Throughout its coverage of the drama sparked by the police killing of Michael Brown in Ferguson, Missouri, US corporate media has framed the basic racial issue at stake as how police carry out their tasks: how they police.  The issue is not minor. How cops do their jobs is a serious matter in an age of ever more militarized, high-tech policing. How those jobs are performed in and around Black communities is a particularly grave question during a time when a Black American (usually a young man) is killed by a (usually white) police officer, security guard or self-appointed vigilante on average once every 28 hours.
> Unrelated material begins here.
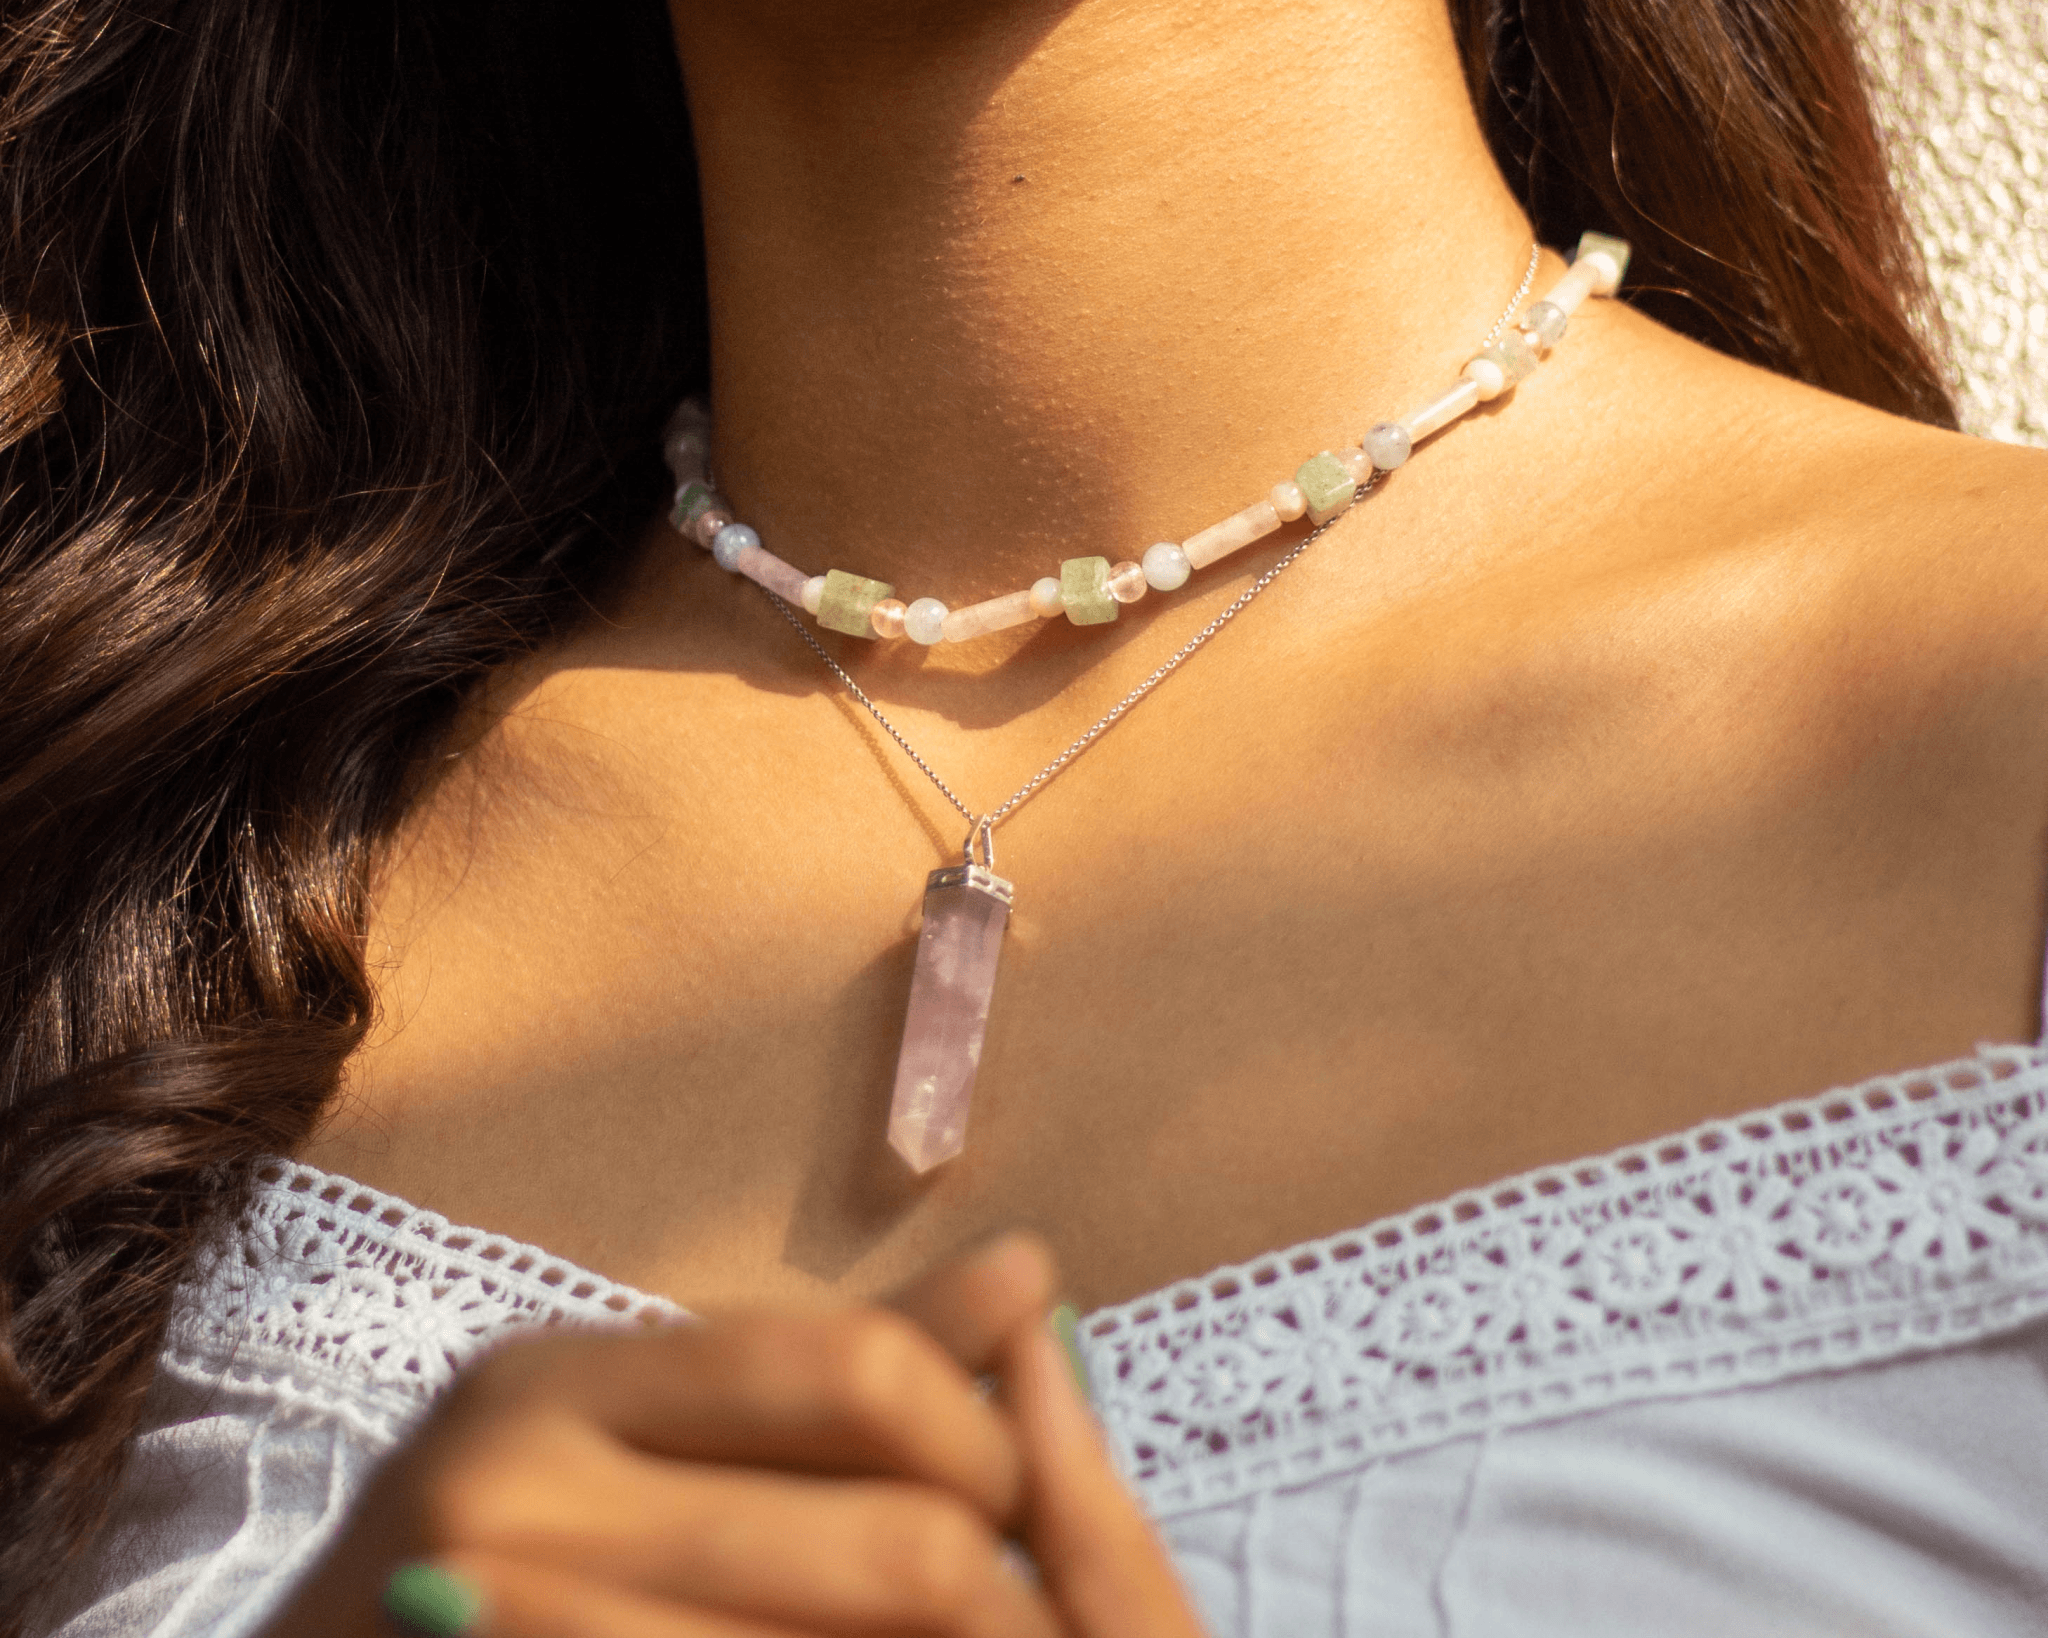 QDDJGYP Jewelry Rose Quartz Crystal Necklace, Peach Powder Crystal India |  Ubuy

Just in the last week, white police officers killed a 28 year old Black man (Akai Gurley) in Brooklyn and a 12 year old Black boy (Tamir Rice, shot twice in the chest from close range) in Cleveland.  Numerous other police shootings of Black men and youth have occurred since the Brown killing last August 9th.  The terrible beat goes on.

What

Still, just as important but missing from the national media coverage and commentary is the fundamental question of what government authorities police in the US. What they police is, among other things, persistent harsh racial segregation and intimately related racial inequality so steep that the median wealth of white US households is 22 times higher than the median wealth of black US households.  The Black joblessness rate remains more than double that of whites – as usual. The Children’s Defense Fund (CDF) reports that an astonishing 40 percent of the nation’s Black children are growing up beneath the federal government’s notoriously inadequate poverty level. Roughly 1 in 5 Black and 1 in 7 Hispanic children live in “extreme poverty” – at less than half the poverty measure – compared to just more than 1 in 18 White, non-Hispanic children.
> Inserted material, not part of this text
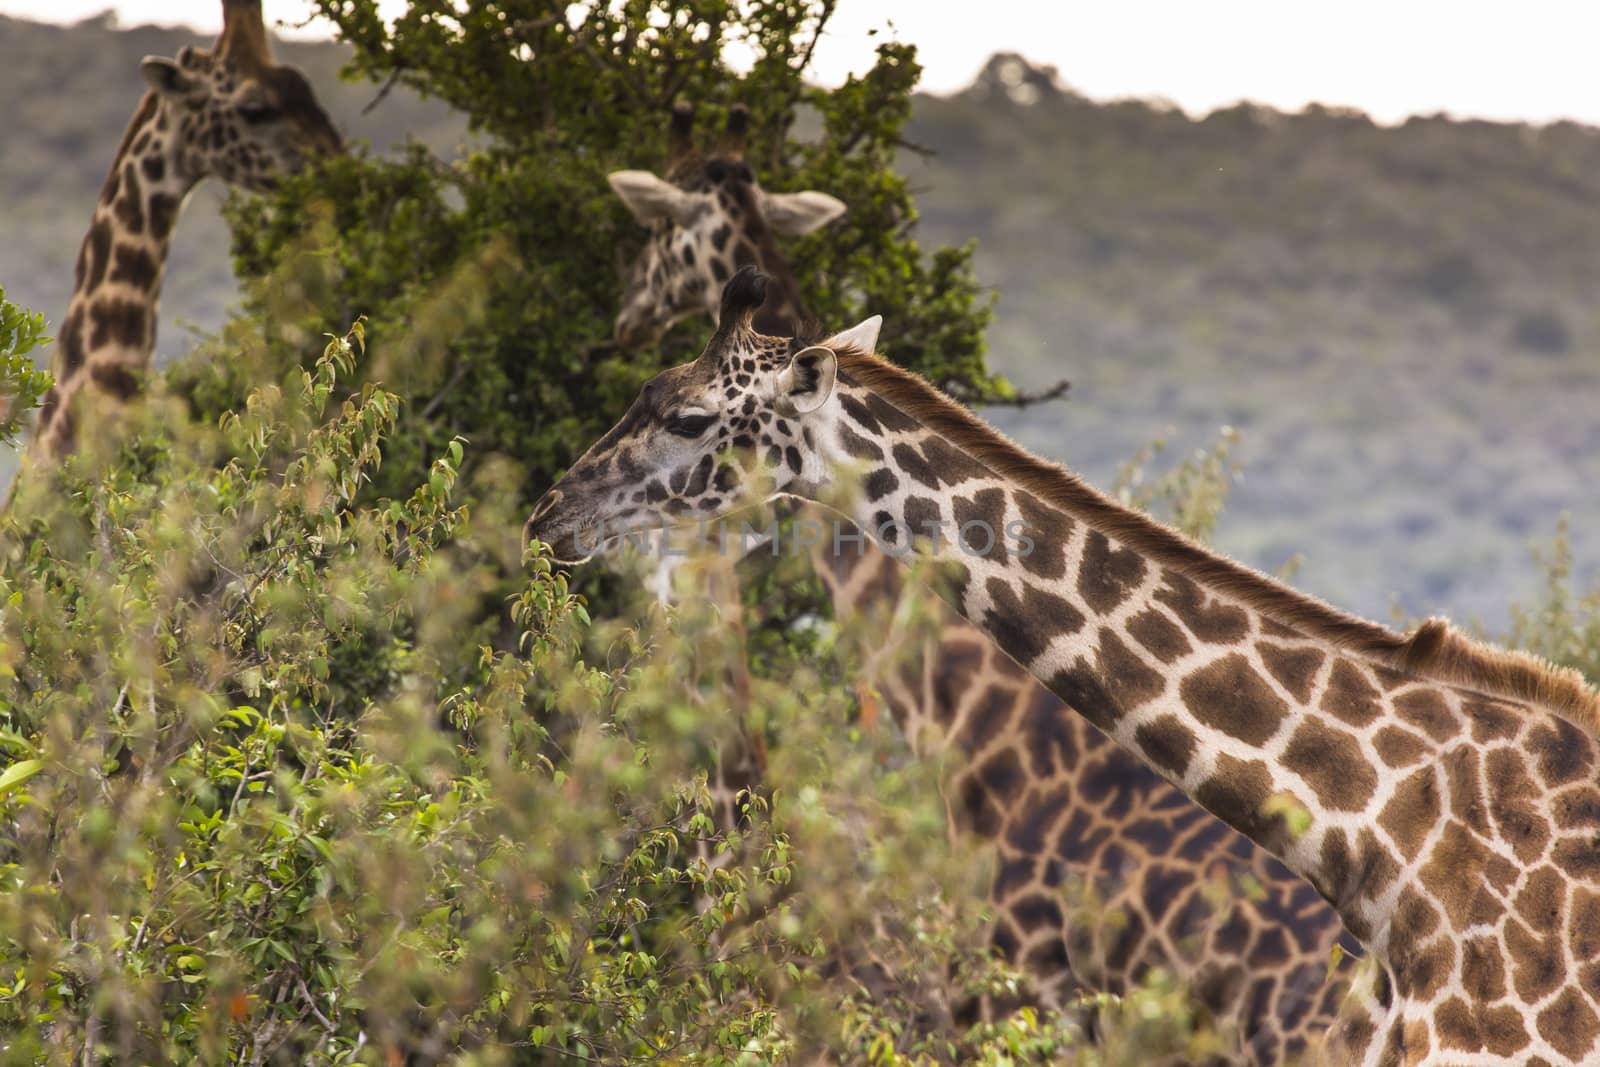 Giraffe on safari wild drive, Kenia. by mariusz_prusaczyk

This radical race disparity both reflects and feeds a four decades long campaign of racially disparate hyper-incarceration and criminal marking.  More than 40 percent of the nation’s 2.4 million prisoners are Black. One in three black adult males carries the crippling lifelong stigma (what law Professor Michelle Alexander has famously termed “the New Jim Crow”) of a felony record. Criminal marking is a deadly barrier to employment, housing, education, voting rights and more for the nation’s giant and very disproportionately Black army of “ex-offenders.”  It makes re-integration next to impossible for many, feeding a vicious circle of poverty, black market crime, joblessness, family disintegration, jailing, and recidivism.
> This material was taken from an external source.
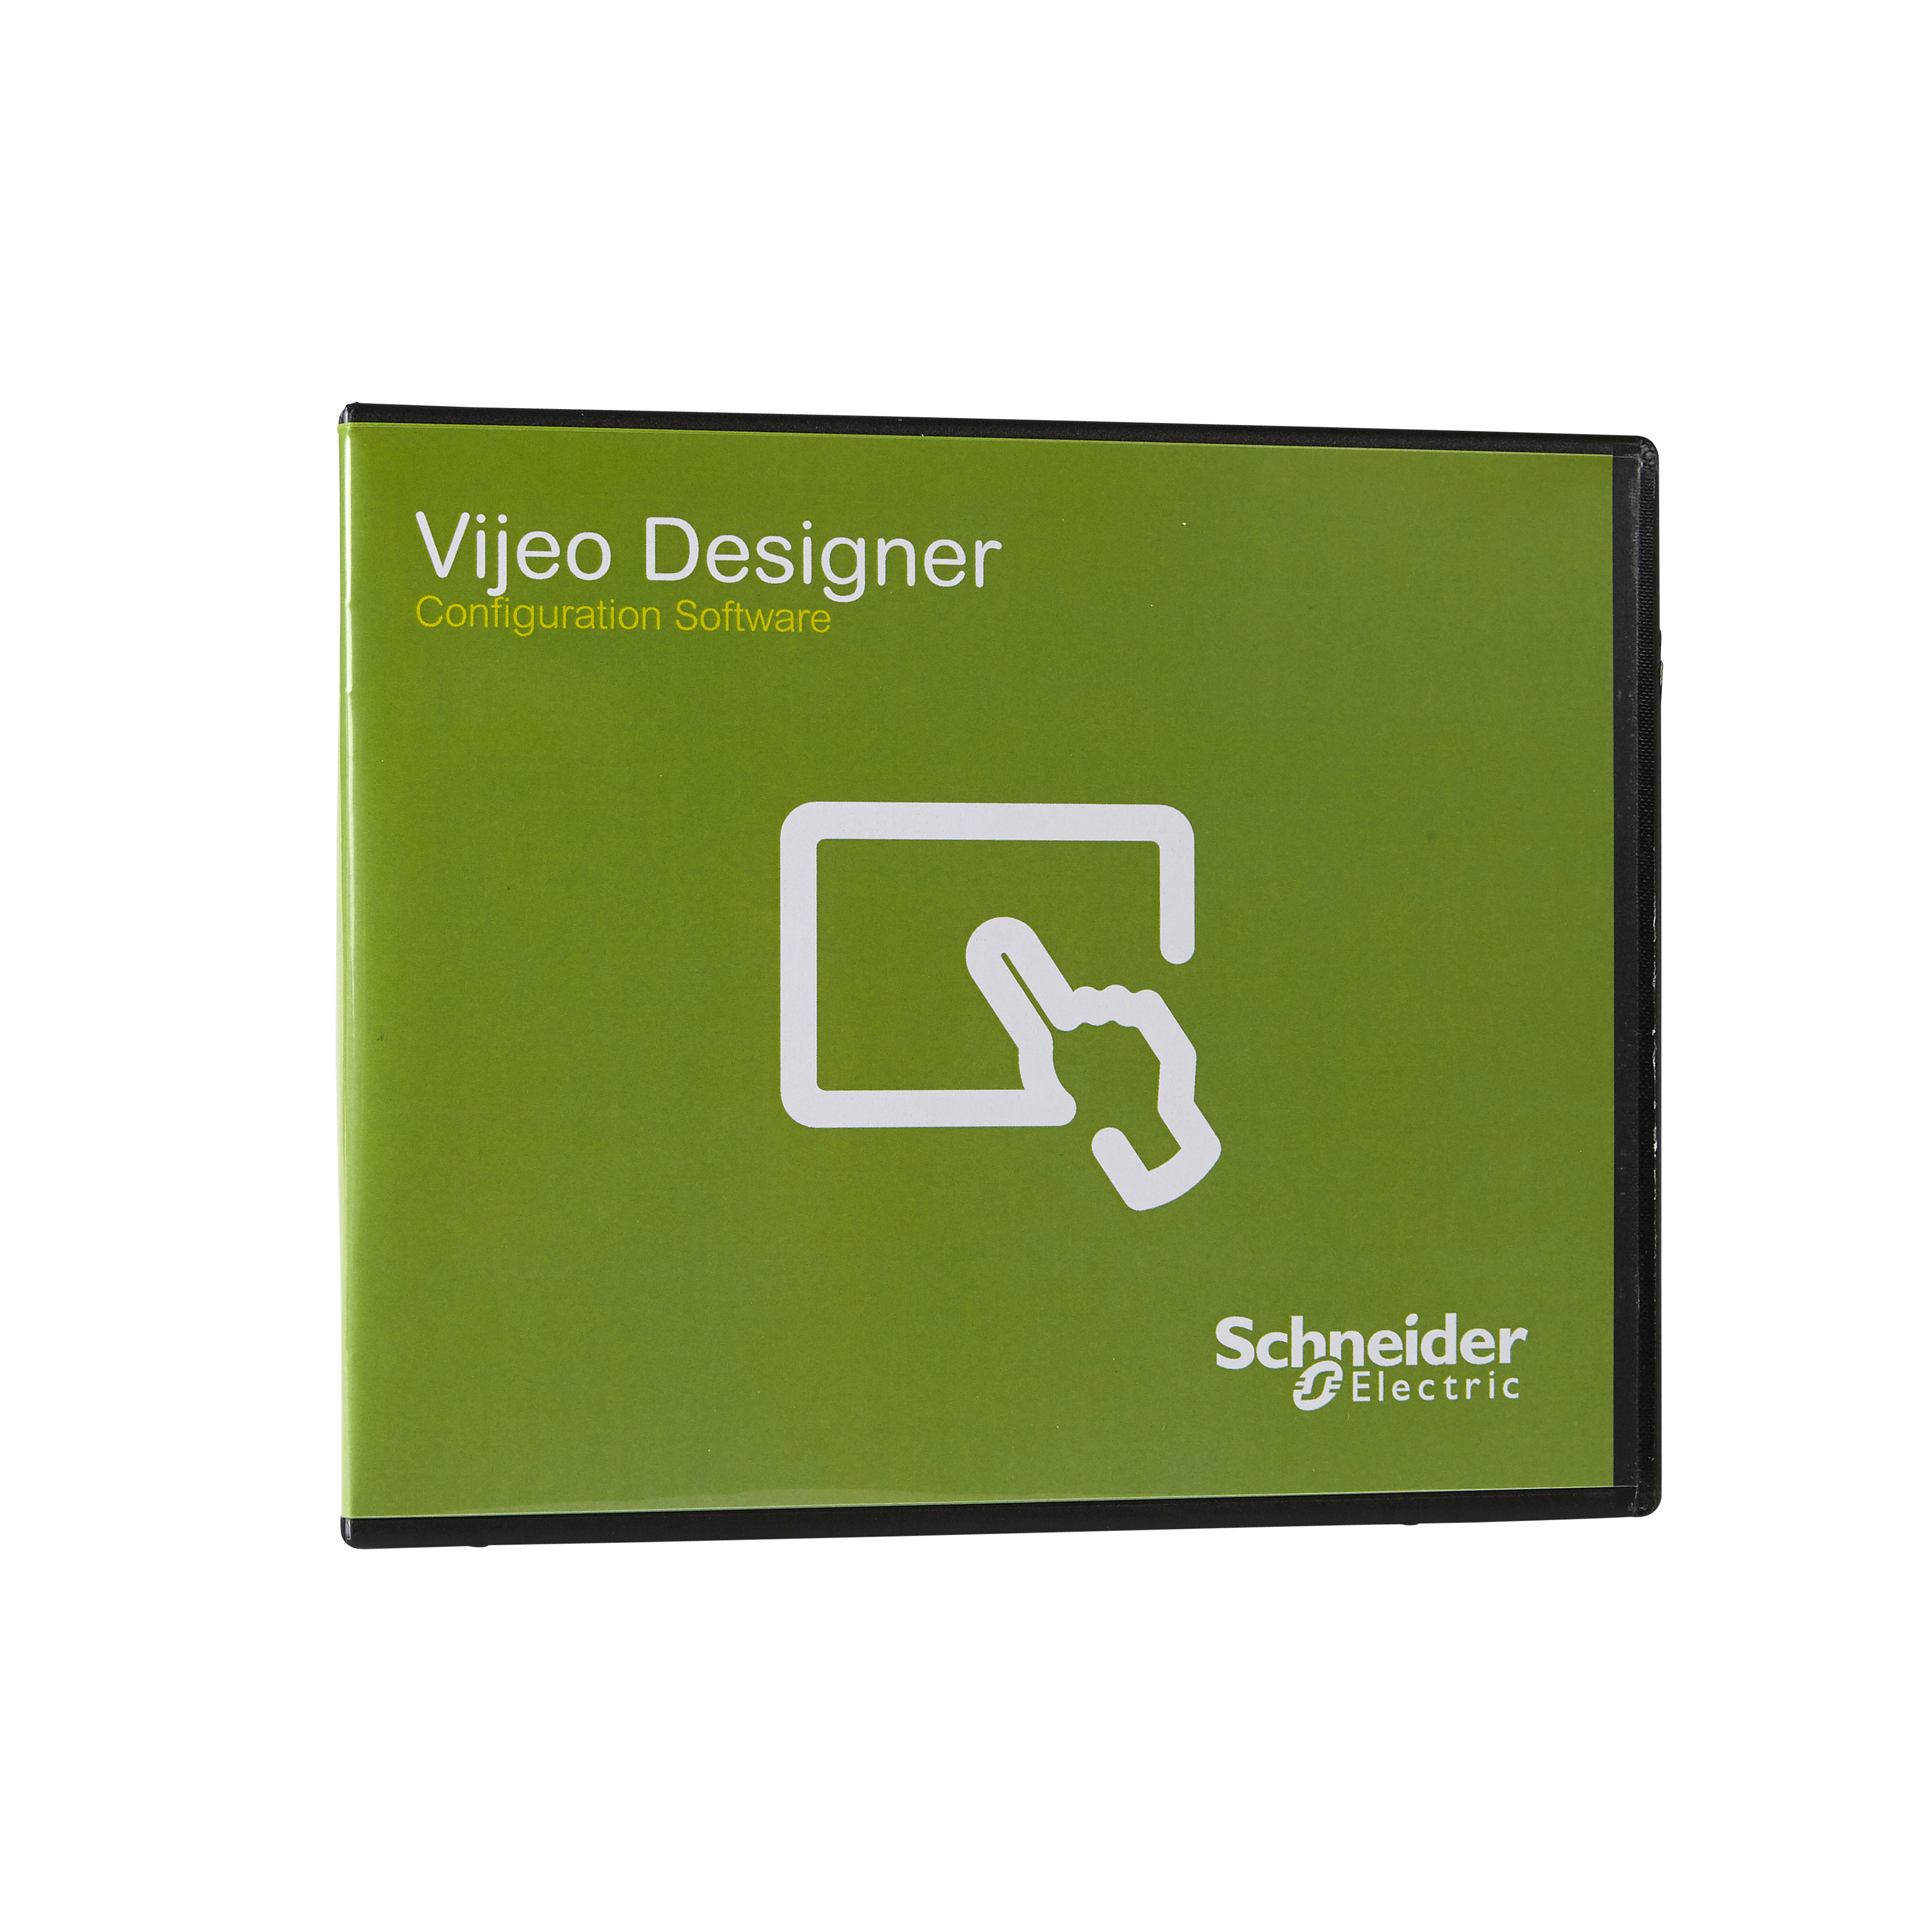 Vijeo Designer 6.2, HMI configuration software facility license

Contemporary US policing is about keeping Blacks in their place in more ways than one. The St. Louis region is just the seventh most segregated metropolitan region in the US. It has a residential “segregation indice” of 72.3, meaning that nearly three-fourths of the region’s Blacks would have to move to be geographically distributed exactly like whites. Such extreme residential segregation has little to do with Black choices.  It is a product of class and racial bias in the functioning of real estate markets and home lending and the persistent reluctance of many Caucasians to live in racially mixed communities. It is highly relevant to the nation’s steep racial inequalities because place of dwelling is strongly connected to social and economic status and opportunity. As sociologists Douglas Massey and Nancy Denton noted in their important 1998 book American Apartheid: Segregation and the Making of the Underclass, “housing markets…distribute much more than a place to live; they also distribute any good or resource that is correlated with where one lives. Housing markets don’t just distribute dwellings, they also distribute education, employment, safety, insurance rates, services, and wealth in the form of home equity; they also determine the level of exposure to crime and drugs, and the peer groups that one’s children experience.” By concentrating poor and working class Black people in a certain restricted number of geographical places. US de facto apartheid reinforce Blacks’ persistently disproportionate presence in the lowest socioeconomic places. That basic underlying concentration of poverty and its many ills (including crime, addiction, and family fragility) is deeply reinforced by the nation’s four-decade campaign of “racially disparate” (racist) mass imprisonment and felony branding, conducted under the cover of a “war on drugs.”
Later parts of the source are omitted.